The 2007 and 2008 studies were done by the same group in Russia.
In 2009, two researchers examined data from the 7,714 individuals enrolled in the National health and Nutrition Examination Survey lll (NHANESlll). Of the 975 individuals who had osteoarthritis, 59 percent had metabolic syndrome, while only 23 percent of the individuals without osteoarthritis had metabolic syndrome.
As I’ve observed in practice for years, they reported that the association between metabolic syndrome and osteoarthritis was stronger in younger individuals and diminished with increasing age. In their data, having osteoarthritis at 43 to 44 years of age was associated with a 500 percent increased risk of metabolic syndrome
Last year (2010), in a review article titled, “Osteoarthritis: another component of metabolic syndrome?” the researchers wrote: “There is growing evidence that osteoarthritis is not simply a disease related to aging or mechanical stress of joints but rather a metabolic disorder…”
And this year—yes, I know I’m repeating—Drs. Sherman and Zeoli have found that approximately 75 percent of osteoarthritic individuals are insulin resistant, approximately 5 percent have gone past insulin resistance to early pancreatic islet cell exhaustion (in English, the cells that make insulin are getting worn out) and ultimately type 1 diabetes, and only about 20 percent of individuals with osteoarthritis did not have insulin abnormalities.

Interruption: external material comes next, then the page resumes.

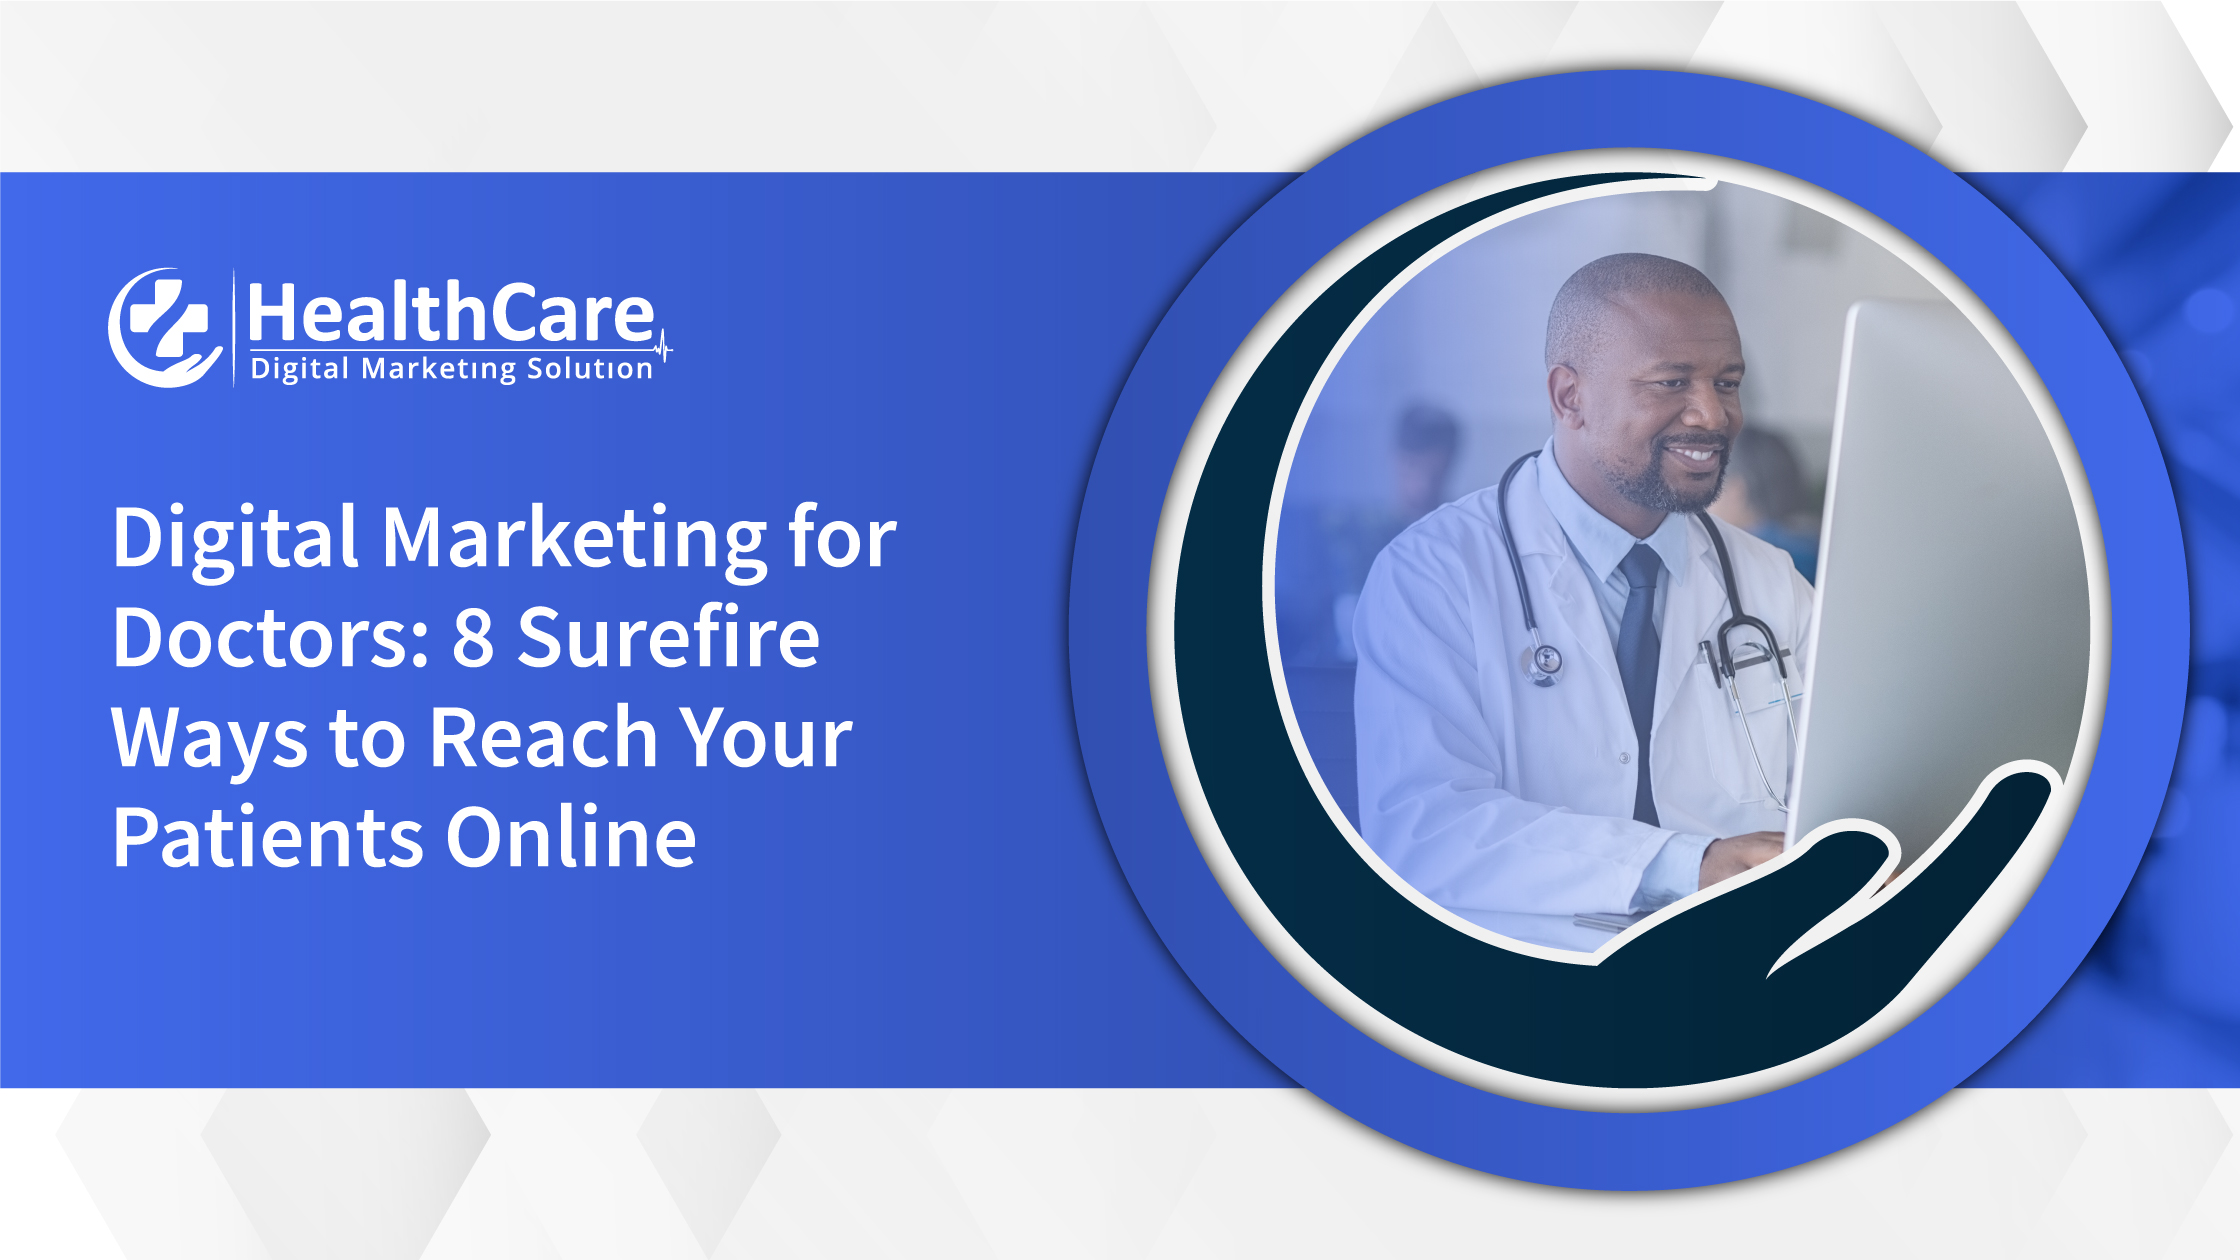 Digital Marketing for Doctors in India: 8 Surefire Ways to Reach Your Patients Online

Find out if you’re at risk
If you have osteoarthritis and type 2 diabetes in your family, you very, very likely have insulin resistance and are on the road to type 2 diabetes yourself. If you have osteoarthritis and one or more of the other features of metabolic syndrome—central obesity, high blood cholesterol and/or triglycerides, high blood pressure—my advice is the same.
Please check with a physician skilled and knowledgeable in natural and nutritional medicine, have yourself checked for insulin resistance, if only to see how bad it is and how strict you should be to reverse it. If you have osteoarthritis and none of the other features of metabolic syndrome and you’re “older” (60 and above), then maybe you’re in the less than 20 percent who do not have metabolic syndrome.
But the younger you are, if you have osteoarthritis, you’re likely to have metabolic syndrome, too. Get yourself checked, please!